Find the parameters that has the lowest AIC. Then evaluate and diagnose the model following the final step of method1.
Select the better model
If there are multiple models that are possibly a good fit, we can choose the multiple considering other factors.
- Possibly choose the model with the fewest parameters.
- Examine the estimate of the variance. Pick the model with the generally lowest standard errors for predictions of the future.

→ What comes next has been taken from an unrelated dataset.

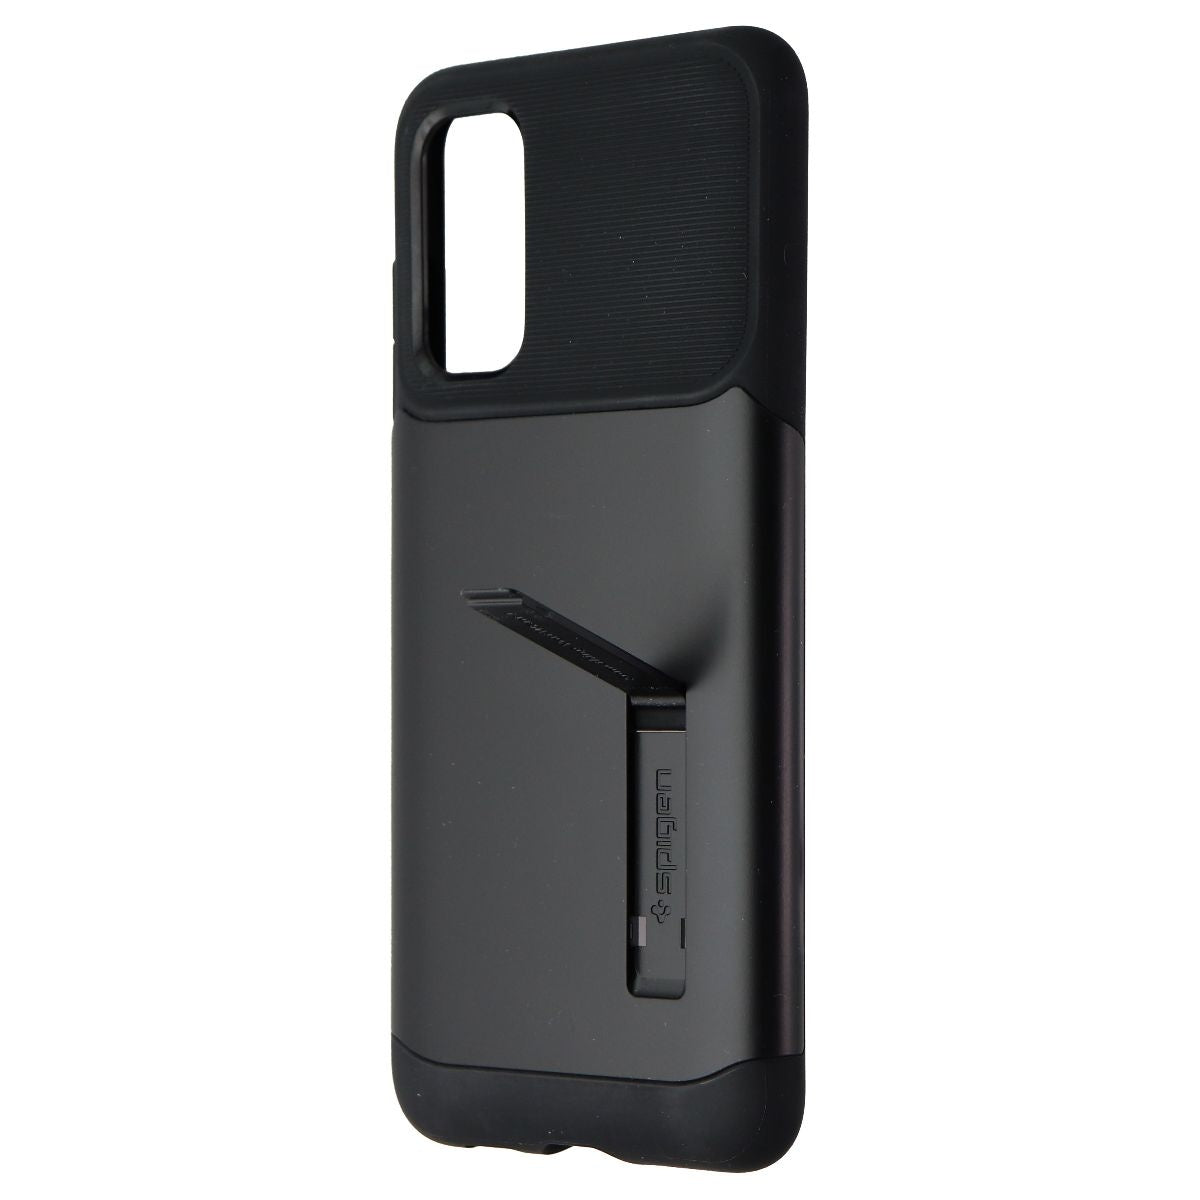 Spigen Slim Armor Designed for Samsung Galaxy S20 Case (2020) - Black Cell Phone - Cases, Covers & Skins Spigen    - Simple Cell Bulk Wholesale Pricing - USA Seller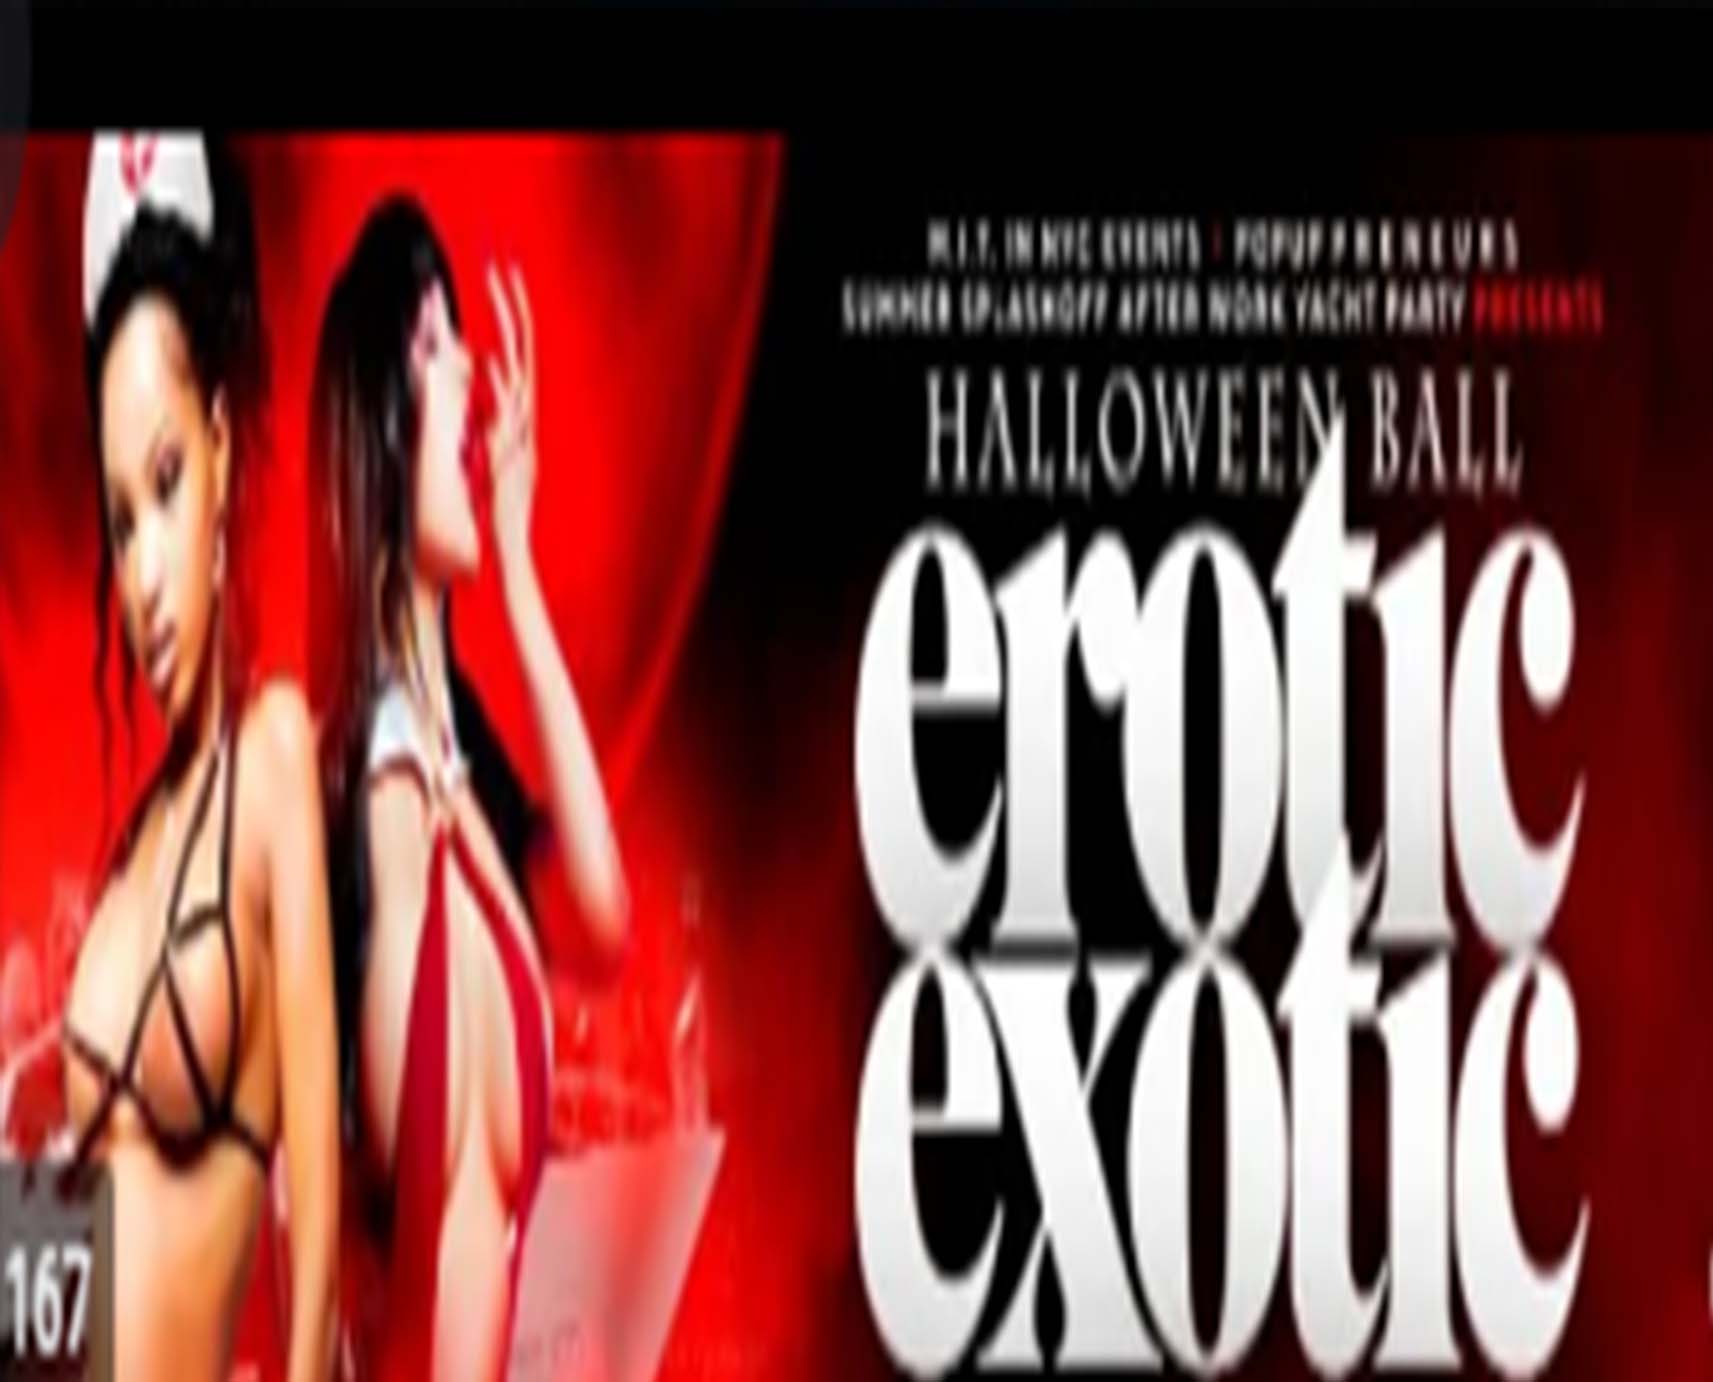  Erotic Exotic Halloween Ball / LINGERIE FASHION SHOW

- Compare models with regard to statistics such as the MSE (the estimate of the variance of the wt), AIC, AICc, and SIC (also called BIC). Lower values of these statistics are desirable.
Other things to consider
If there is a changing, possibly volatile variance, consider using ARCH (autoregressive conditionally heteroscedastic)/GARCH (generalized autoregressive conditional heteroskedasticity).
If the time series is multivariate, VAR (Vector autoregressive) and ARIMAX (Autoregressive Integrated Moving Average with ExplanatoryVariable) model could be the choice.